> _TASK OBJECTIVE_
Give a verbatim copy of the lines below, minus the pictures.

> _COLLECTED DATA_
+--
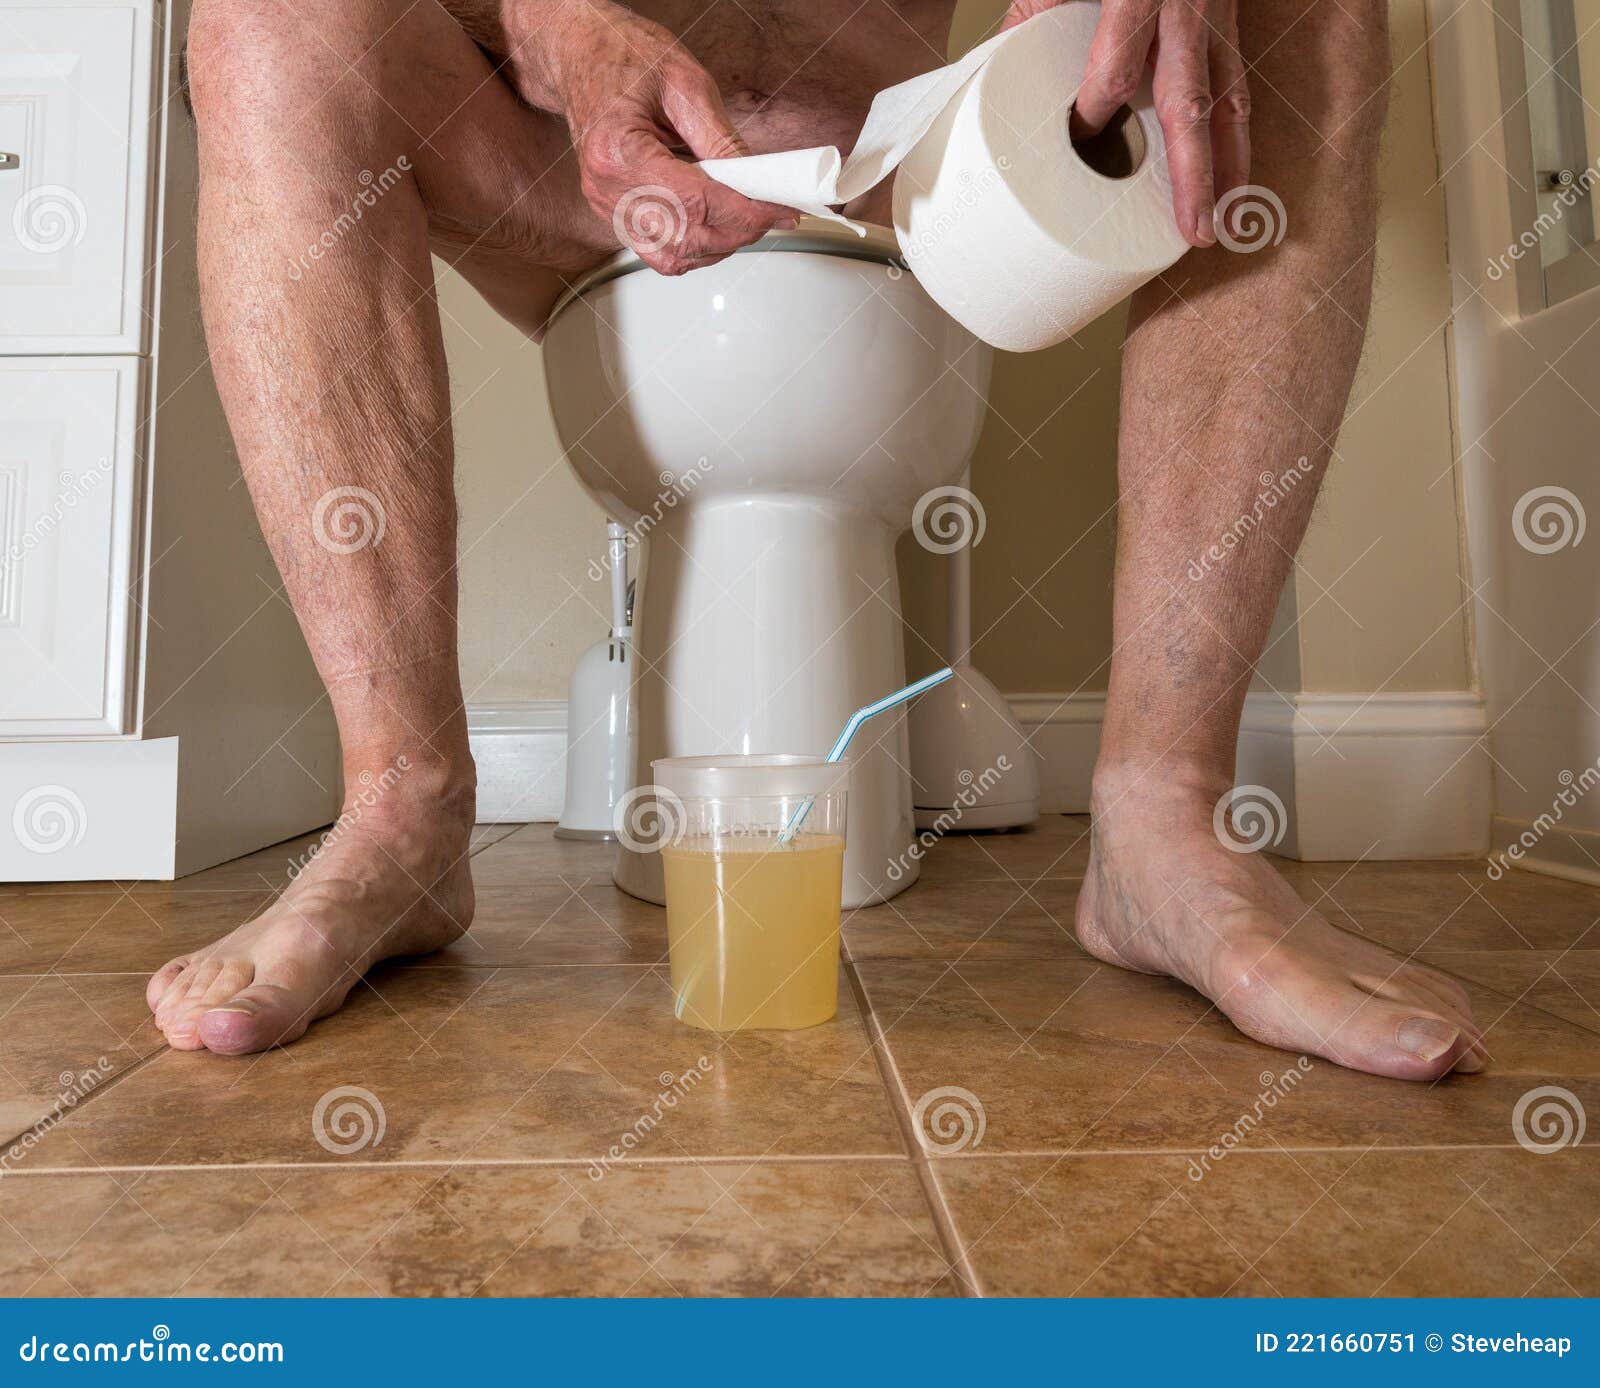 close-up-legs-senior-caucasian-adult-sitting-toilet-preparing-colonoscopy-medication-senior-adult-man-sitting-221660751.jpg
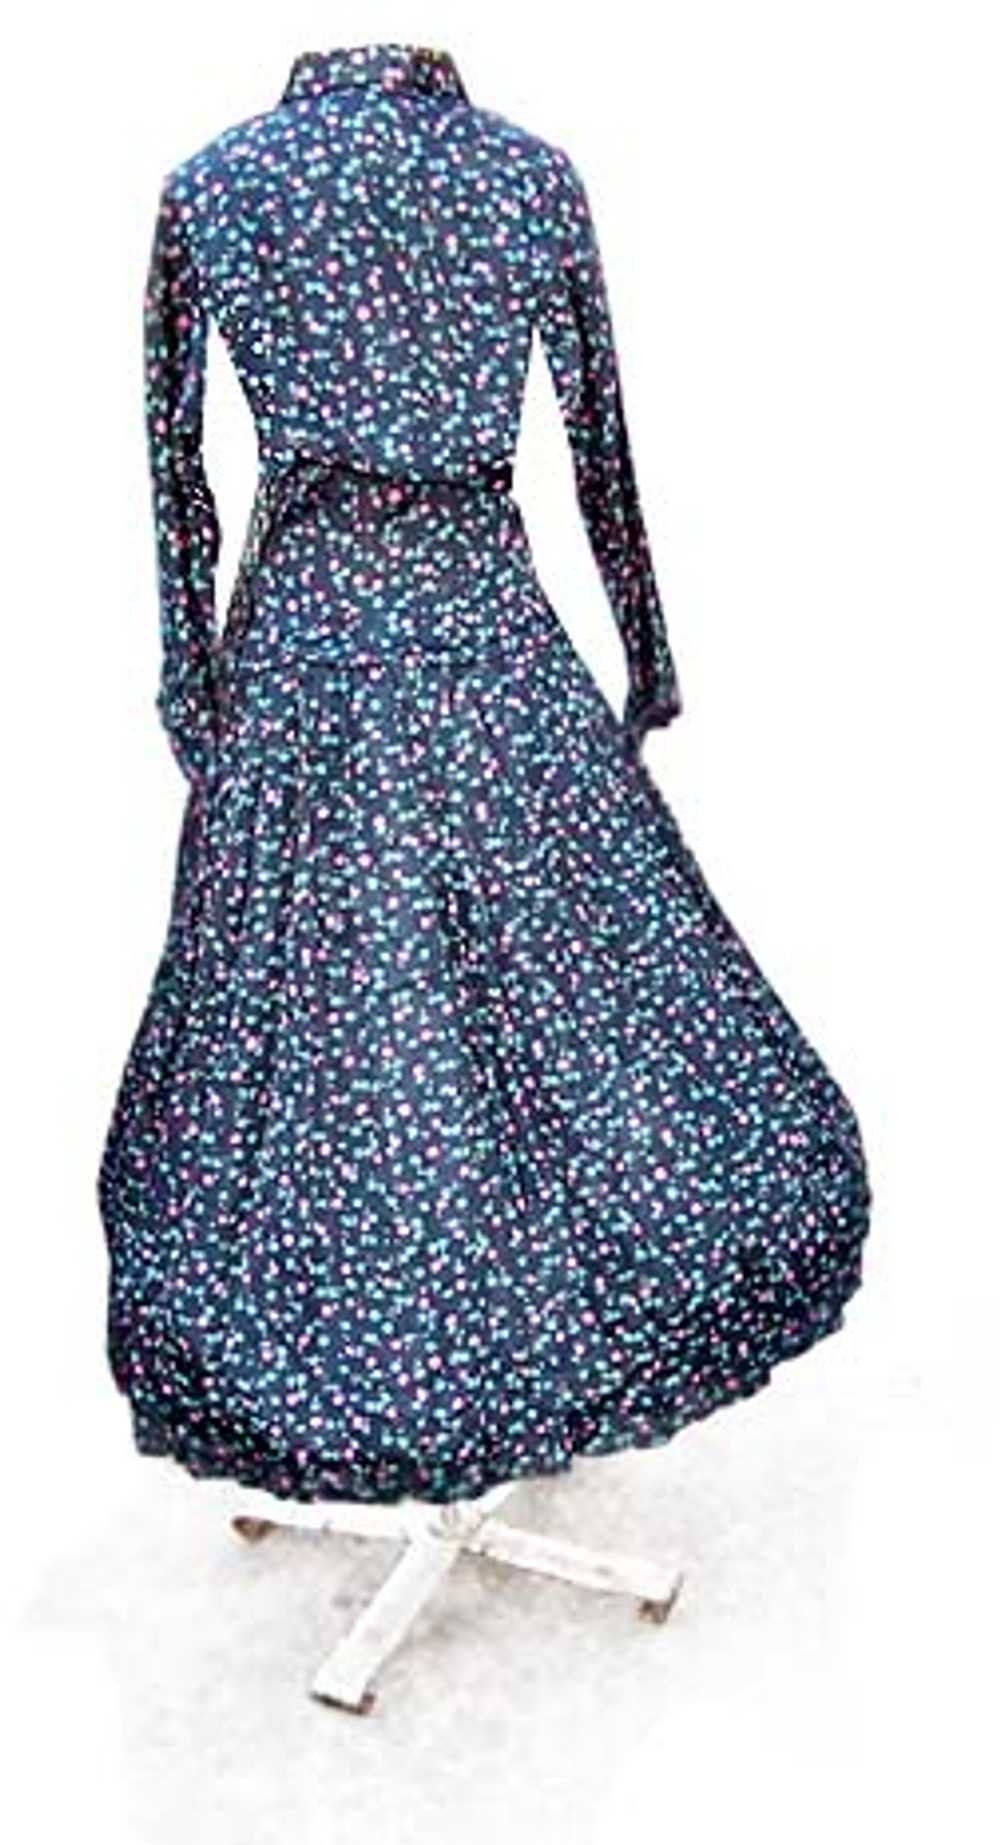 Drop-waist floral dress - image 4
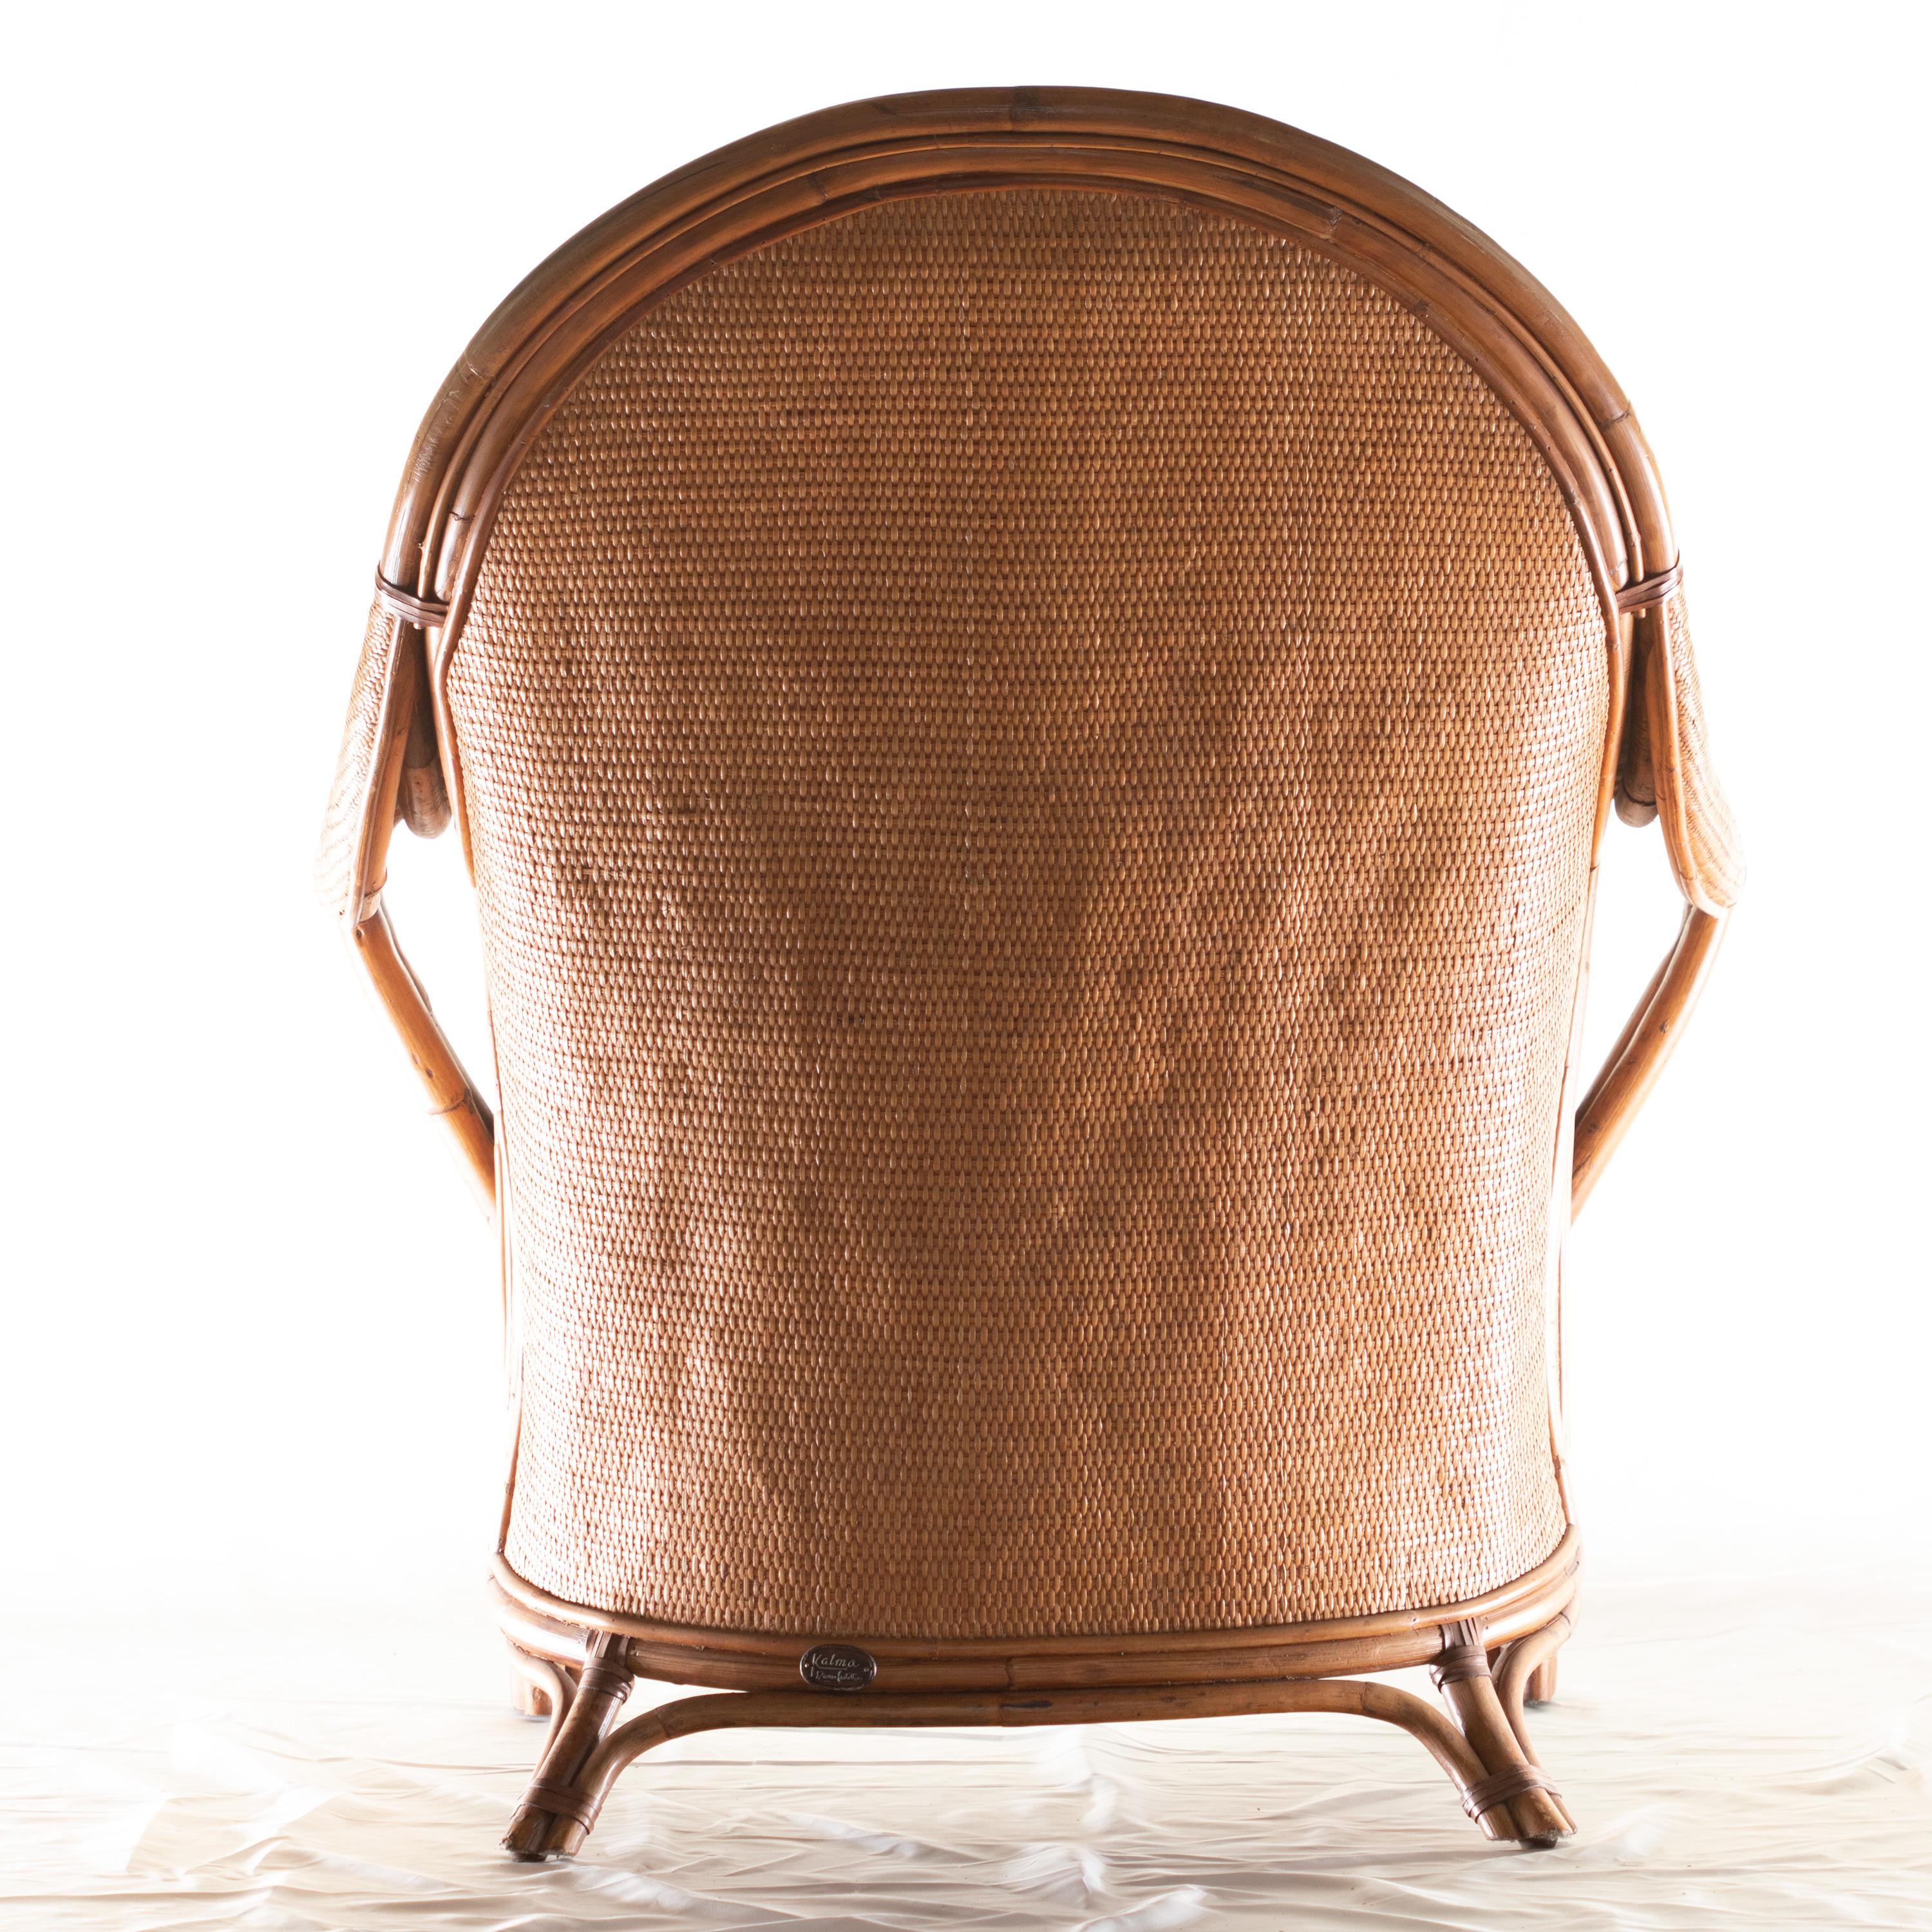 Chinese Export Armchair Bamboo Rattan Wood Handmade Ramon Castellano Leather Kalma Furniture For Sale
+--
> _EXPECTED OUTPUT_
 close-up-legs-senior-caucasian-adult-sitting-toilet-preparing-colonoscopy-medication-senior-adult-man-sitting-221660751.jpg
 Drop-waist floral dress - image 4
 Chinese Export Armchair Bamboo Rattan Wood Handmade Ramon Castellano Leather Kalma Furniture For Sale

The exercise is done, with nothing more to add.